Monday, September 17th, 2007

“At rail stations and shopping malls around the world, reports are popping up of people, particularly young children, getting their toes caught in escalators. The one common theme seems to be the clunky soft-soled clogs known by the name of the most popular brand, Crocs.” [ link ]

That’s what you get for wearing ugly shoes. Hopefully Ugg Boots are next.

‘Pending participation, receive a sample of detergent.’

Friday, September 14th, 2007

These spam schemes are getting way too complex. I clearly don’t have the foresight to run a profitable spam business. There have got to be at least 4 or 5 steps to actual monetization, unless just going to their site automatically steals $2,000 from your bank account.

Forum Etiquette

Friday, September 14th, 2007

Though I’m sure I’ve been guilty of this somewhere, it drives me absolutely NUTS when I am searching forums for an answer and find a thread with the exact problem I’m having, only to discover that after several solutions were proposed, the original poster just left the thread hanging without any sort of feedback on whether any of the solutions had worked.

Question: is it a good idea for forum software writers to implement an optional feature which would mark threads as open or closed (sort of like bugs in bugzilla) and bug thread starters who leave their threads open too long? What would be the best way to implement this?

SFTP on Windows

Thursday, September 13th, 2007

On with it, then :)

A while ago, Richard Crowley wrote that not having direct sftp access to the files you are editing encourages bad programming practice, at least for web programming. I forget what his exact complaint was and can’t find the entry now, but I agree in any case and can reconstruct my own argument for it – you write large chunks of code without testing what it actually looks like in the browser. Then, once you’ve finally synced up with the web server and hit refresh in your browser, you end up with either something that doesn’t work, or worse, something that appears to work but actually doesn’t because something is actually going wrong in one of the intermediate steps.
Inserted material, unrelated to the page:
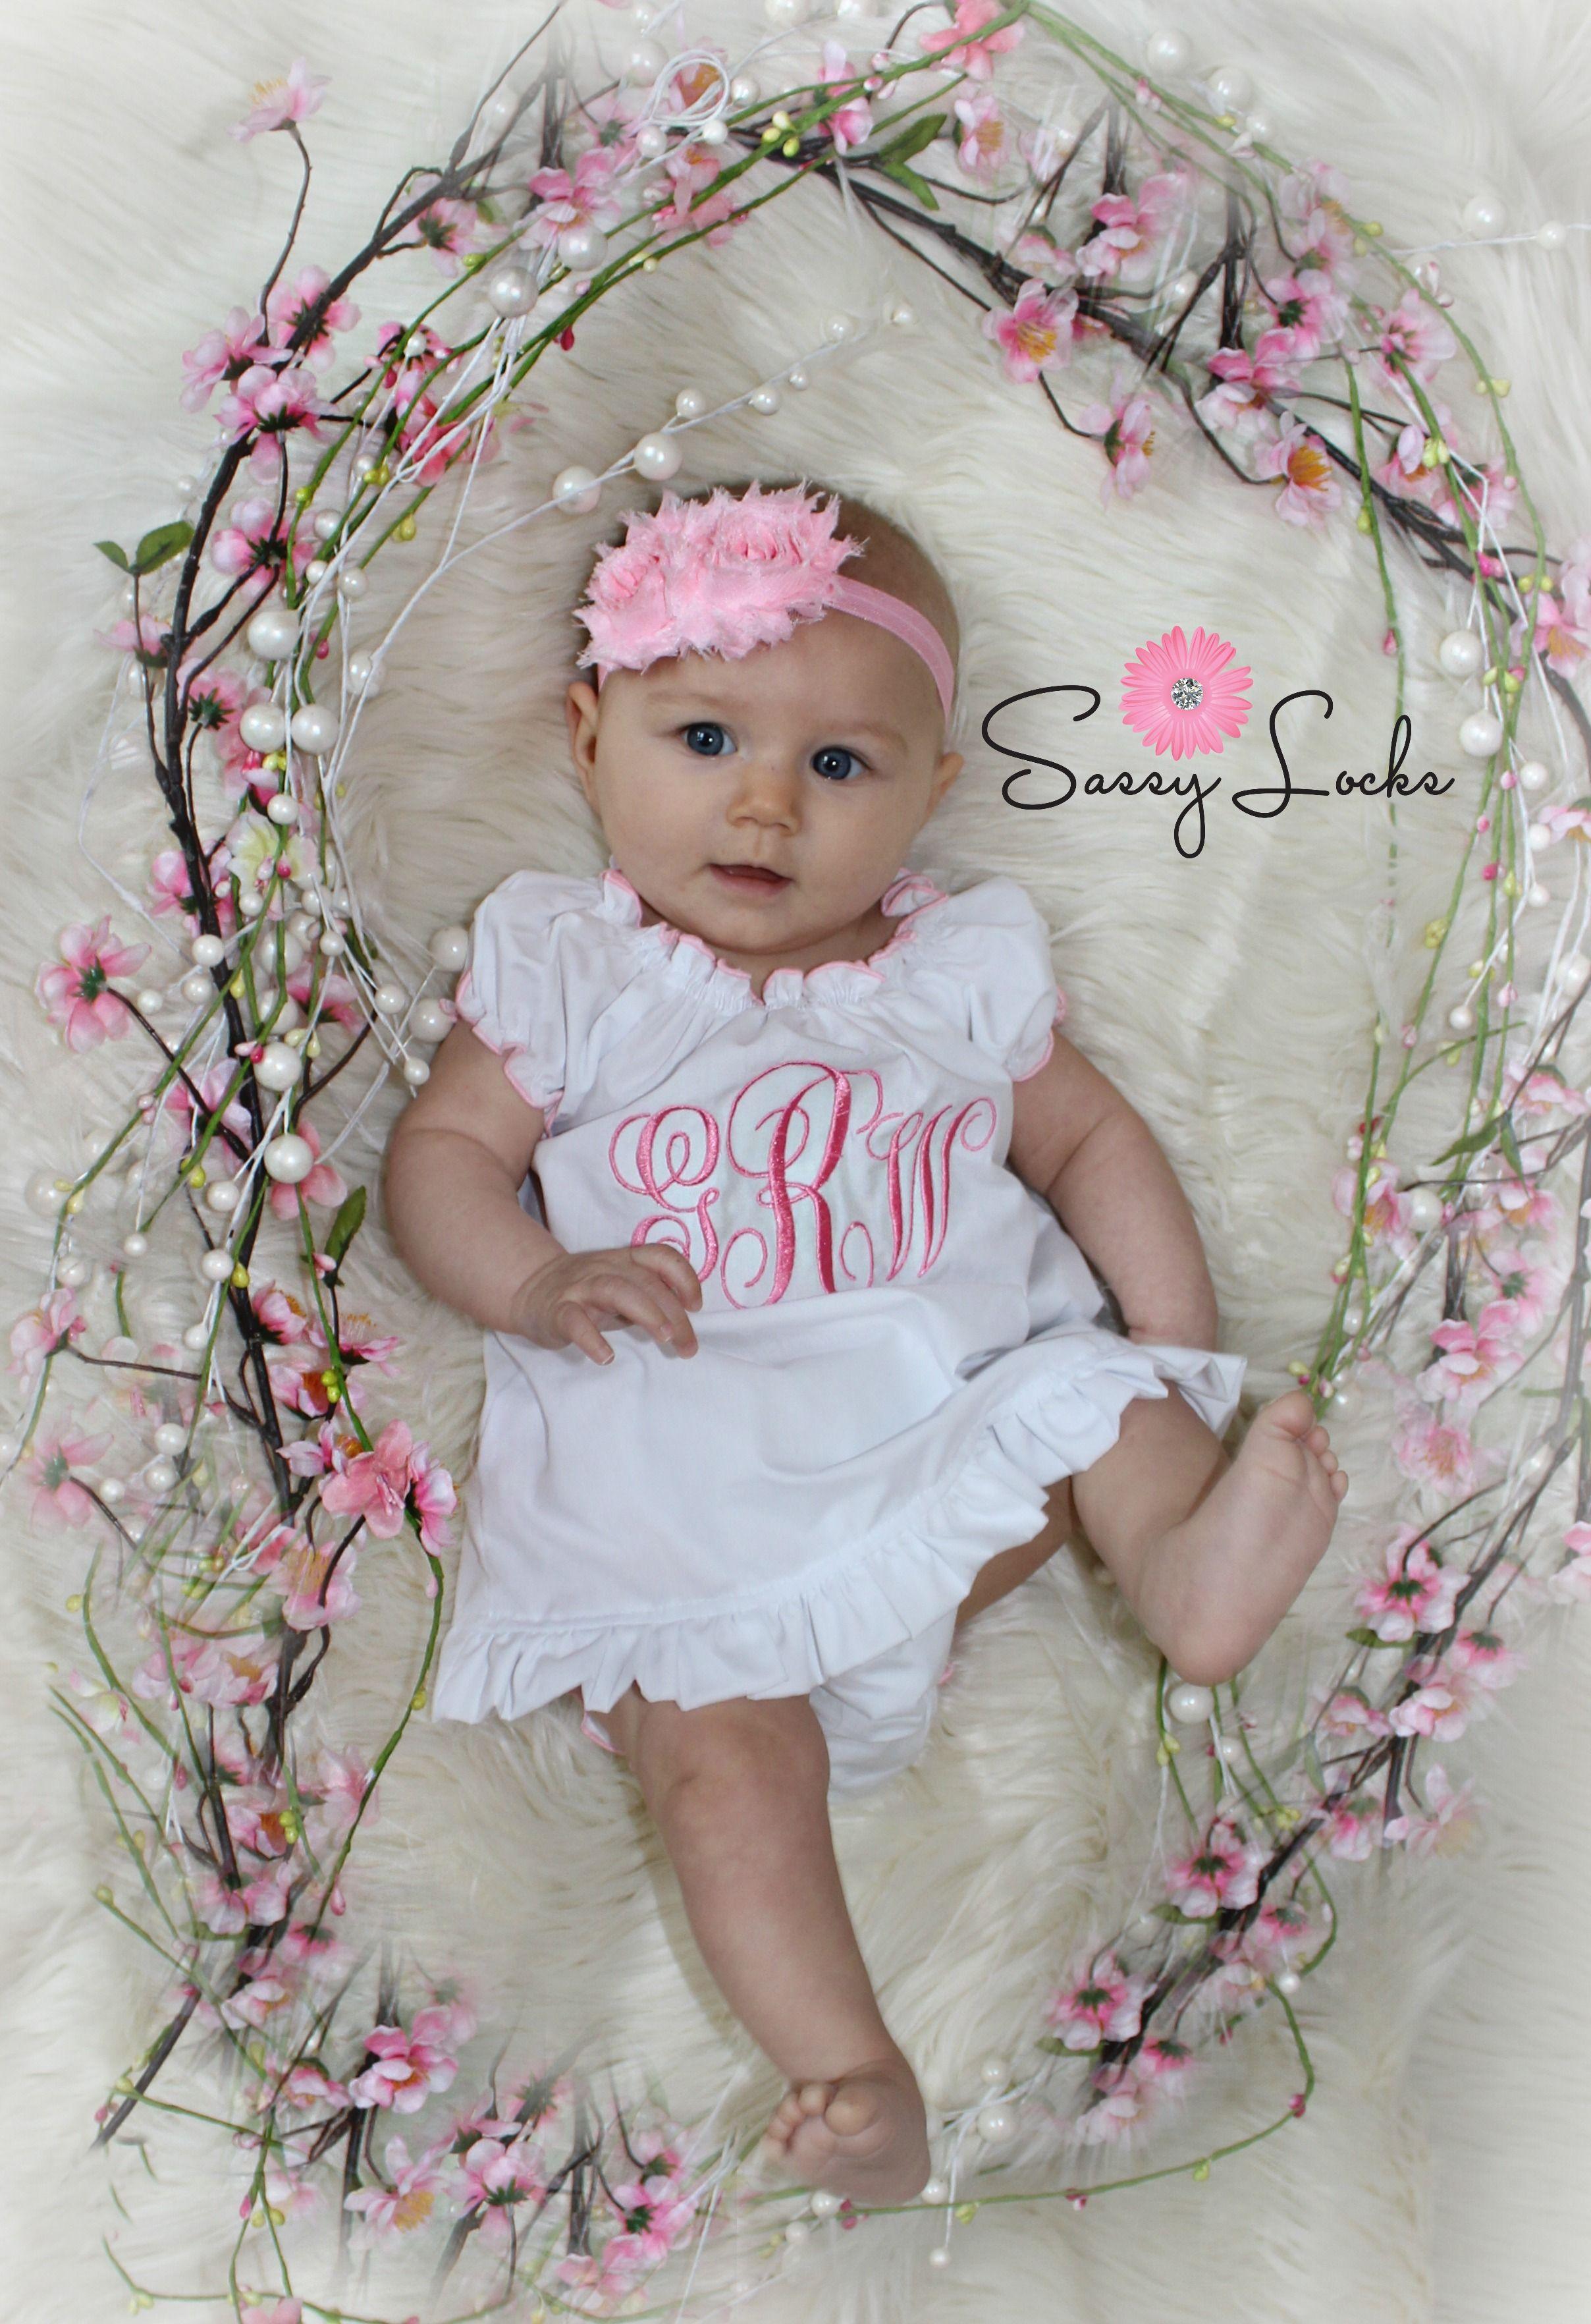 a6d71a5a15a6 Monogram Baby Girl Dress Ruffle Diaper Cover & Headband | Sassy ...

Being able to hit Ctrl+S and then refresh your browser to see immediate results is invaluable to web programming and styling. It’s basically poor man’s unit testing. Having the ability to browse the tree of your web directory editing the files in it at will is also crucial. For what it’s worth, it’s also just so much faster and more convenient than having to hit upload in an FTP program or run a sync script.

Problem: most free IDE software (the only kind I like) does not have robust file tree browsing capabilities; the ones that do are usually limited to FTP, not SFTP. Coincidentally, the latter is what most hosts I’ve had to work on offer, and with good reason. Naturally, in Linux the solutions are ample, down to Nautilus having essentially native support for the functionality which integrates well with GEdit (I should note that my requirements for an IDE aside from file browsing are low to very low). However, I’m not quite ballsy enough yet to put Linux on my work laptop, and switching between two laptops depending on who I’m doing work for was getting tedious fast. Here was my list of requirements:

  • Decent Highlighting
  • Code Collapsing
  • File Browsing
    • SFTP Capability
  • Not painfully ugly
  • As cheap as possible
  • Lightweight would be a plus

One solution is to shell out the cash for something like Zend Studio, which handles SFTP beautifully – but that’s not how I do things. I needed something free, or at least cheap.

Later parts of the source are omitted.